** TASK ITEM **
What you return should be the complete data below, word for word, with no pictures in it.

** MATERIAL PROVIDED **
▬▬▬▬▬▬

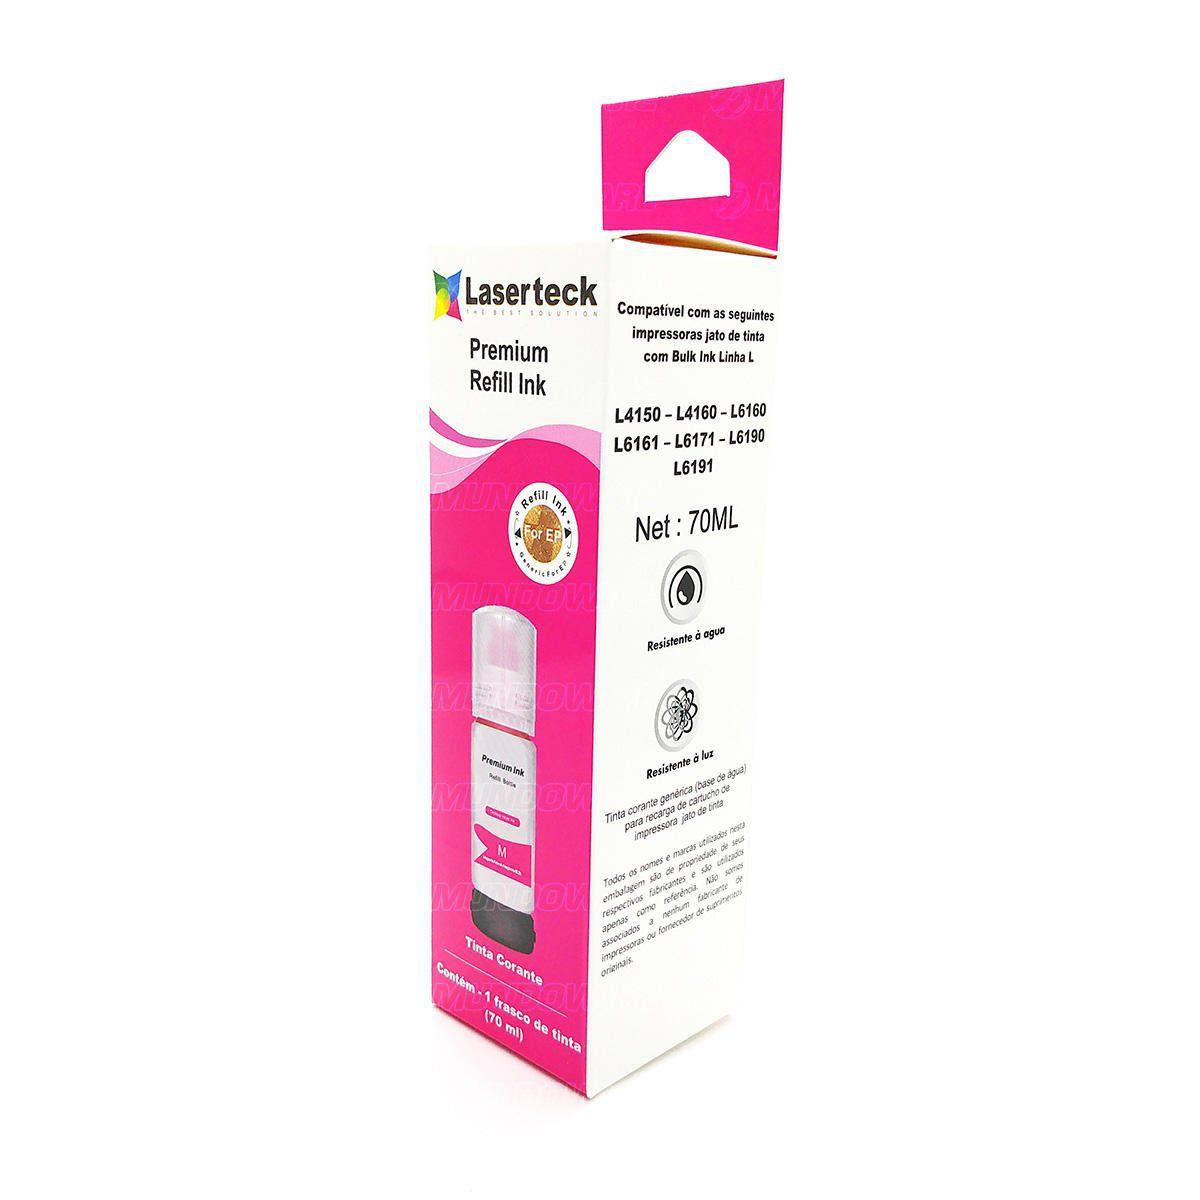 Compatível: Tinta Corante Laserteck para Epson L4150 L4160 L6160 L6161 L6171 L6190 L6191 4160 6160 / Magenta / 70ml
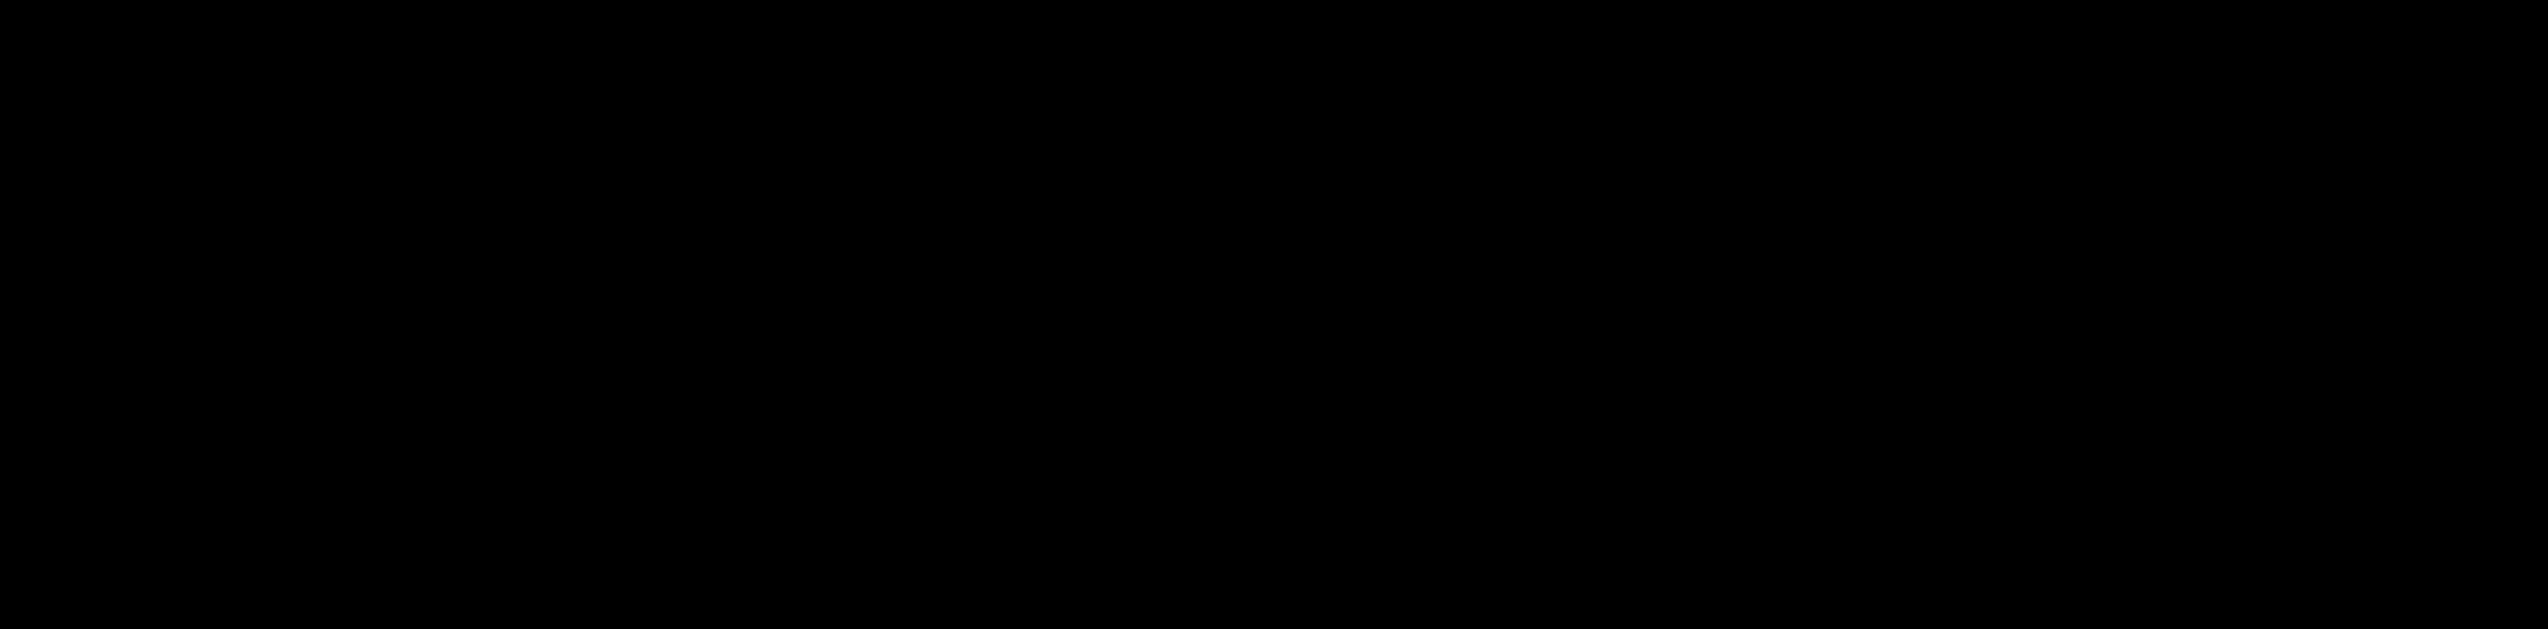 cali cobb desc-06
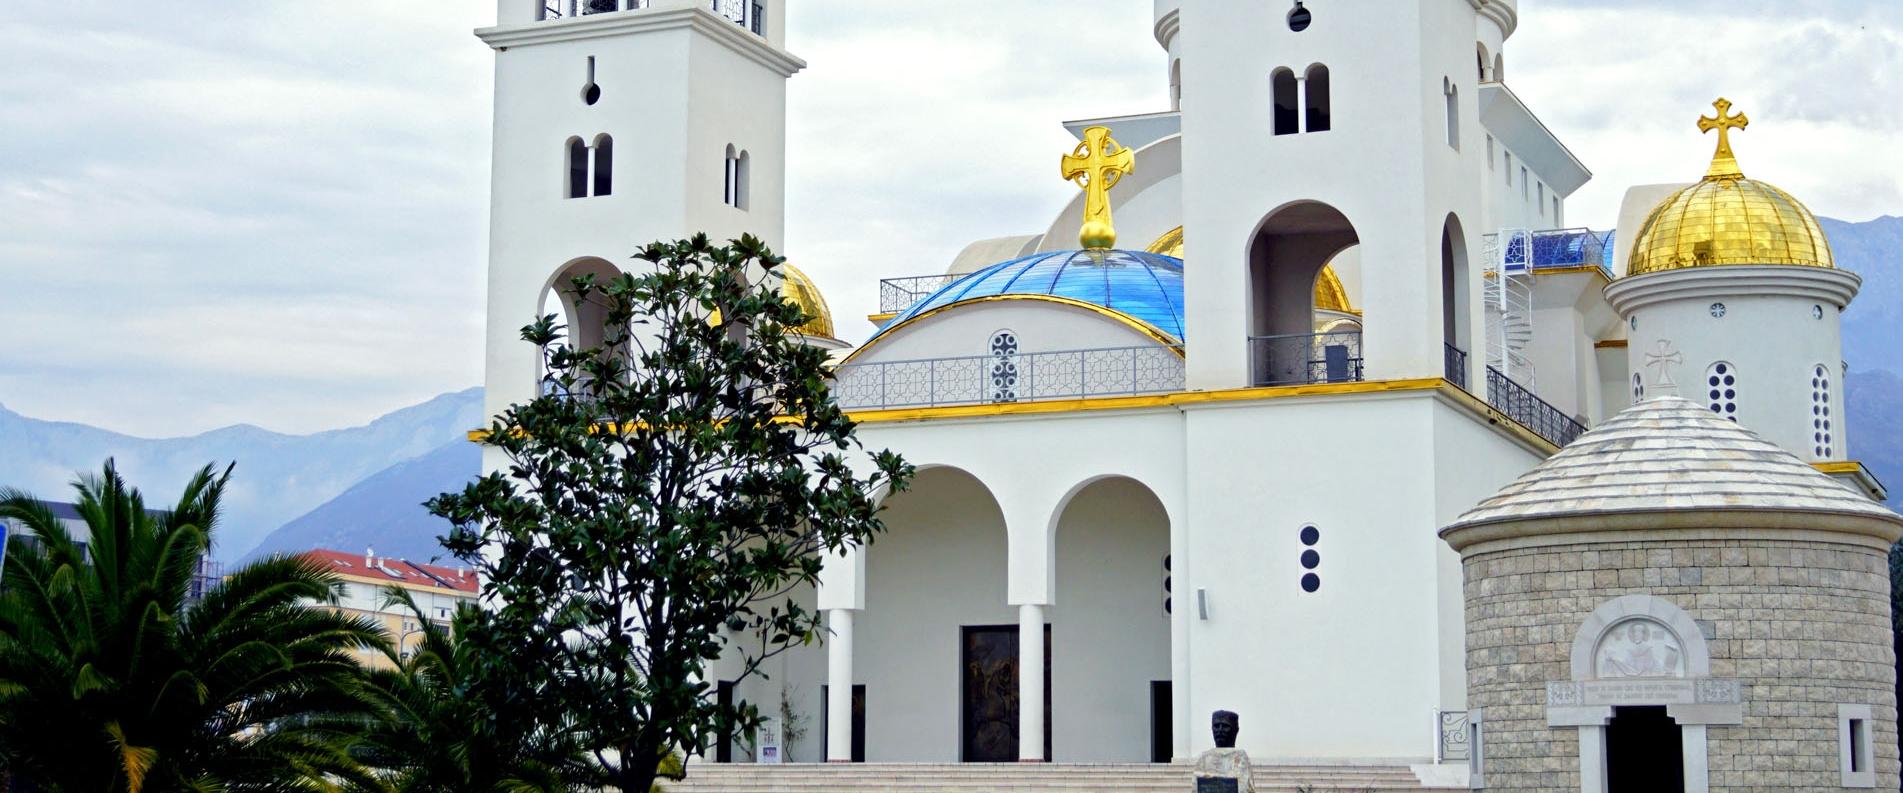 Церковь Святого Иоанна Владимира в Баре

▬▬▬▬▬▬

** WRITTEN ANSWER **
 Compatível: Tinta Corante Laserteck para Epson L4150 L4160 L6160 L6161 L6171 L6190 L6191 4160 6160 / Magenta / 70ml
 cali cobb desc-06
 Церковь Святого Иоанна Владимира в Баре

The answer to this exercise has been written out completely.